Web Based Assessment (maybe later)
- While it would work, we also decided not to create a web page to conduct the assessment, at least not at this stage.
Okta Identity Governance Access Certification Campaign Feature (won’t work)
- Okta does offer an identity governance access certification feature. I can see this working well if Okta is configured from the ground up knowing that it will be used to perform access reviews in the future. Owners would need to be assigned to groups, these groups would be assigned to applications. While conducting the campaign, group owners would be requested to confirm that group members should have access. This assumes that the group owner is able to judge if the user should have access. A group would then likely represent a team, and the administration of the members would be delegated to the managers. That team group would need to be assigned to the needed applications by an App Owner. However, Okta doesn’t have attributes to define App Owners (at this time).
- This approach would be fine for normal cases, but exceptions would need to be managed through other groups, assigned to someone who would be aware of these exceptions.

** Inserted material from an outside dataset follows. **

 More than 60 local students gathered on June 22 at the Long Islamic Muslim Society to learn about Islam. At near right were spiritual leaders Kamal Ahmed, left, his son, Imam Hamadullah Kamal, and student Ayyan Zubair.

- In our current state, that was not a viable solution since groups are generally (but not always) used to grant access to apps, not to represent teams. This also means that we don’t have owners assigned to these groups, which would be hard to fix since our documentation of system owners requires some improvements.

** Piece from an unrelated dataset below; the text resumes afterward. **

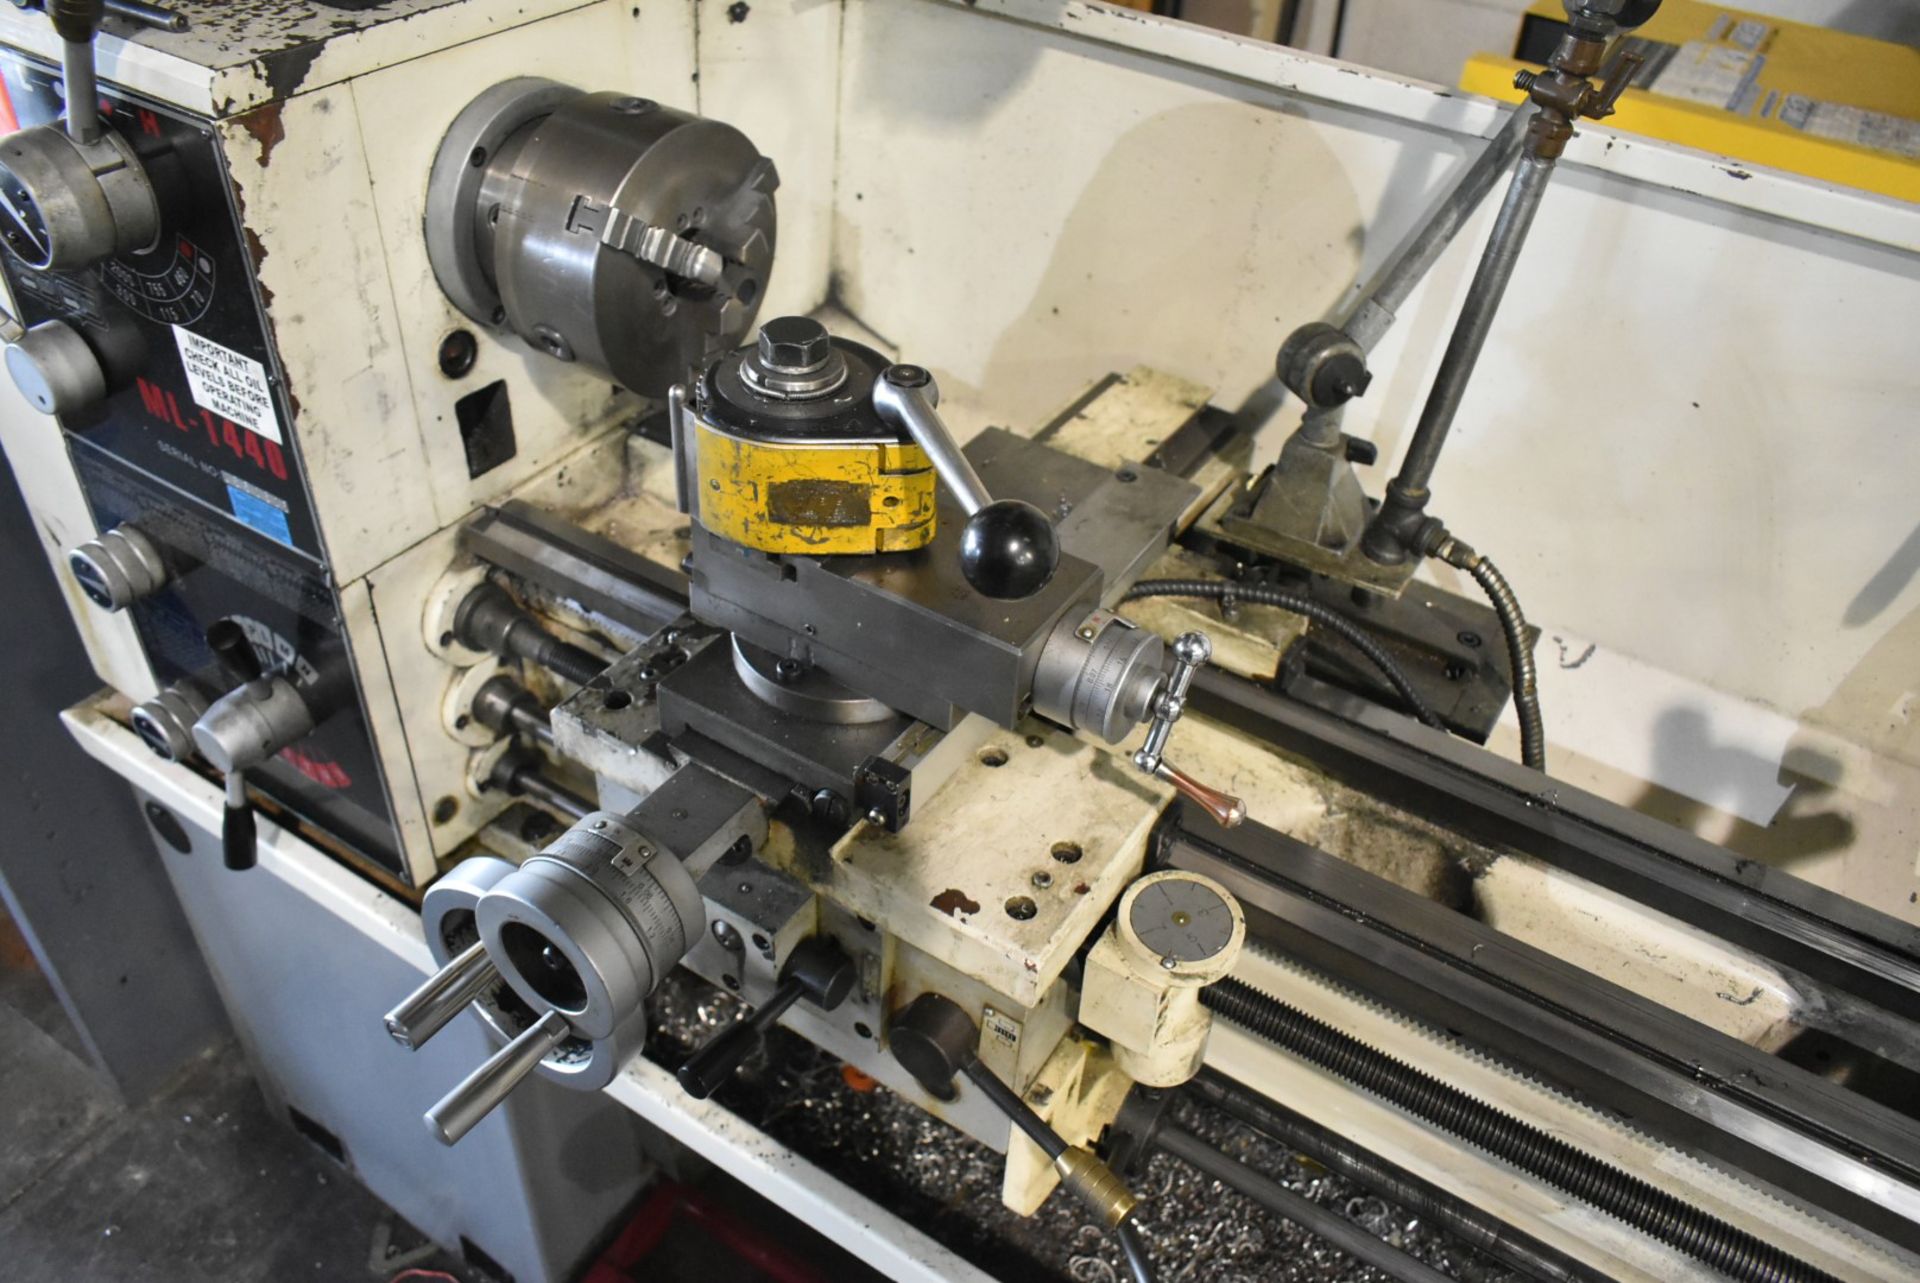 MODERN ML1440 GAP BED TOOLROOM LATHE WITH 14" SWING IN BED, 16" SWING IN THE GAP, 37" IN BETWEEN - Image 4 of 8

Slack + Backend + Neo4j (selected)
- We decided to use Slack as our user interface, and Neo4j as the backend database. Using a graph database as the backend actually allowed us to (relatively) easily query team members, their managers, and all access they had and through what group. For now, we also decided to exclude from our scope the review of access granted within the application.
The rest of this blog post will be dedicated to describing our process.
We had to go through a certain number of steps to proceed with our assessment:
- Recover the organisational structure
- Recover Okta Apps, Groups and Users, as well as all memberships and direct accesses
- Create our Graph representation of the organisation and access
- For each team and employee: Produce a Slack form requesting them to confirm which access is still needed
- Collect answers from Users
- For each manager: produce a Slack form and ask if they agree with the apps needed by their members. In the absence of an answer from the user, the Manager has to make the call
- Collect answers from Managers
- Sanity check: Review answers for spot absurdities
- Revoke app access and group membership through the Okta API.
- Document all the changes.
All the operations above with the exception of Step 8 are conducted through code. This allows us to reliably reproduce the process at will.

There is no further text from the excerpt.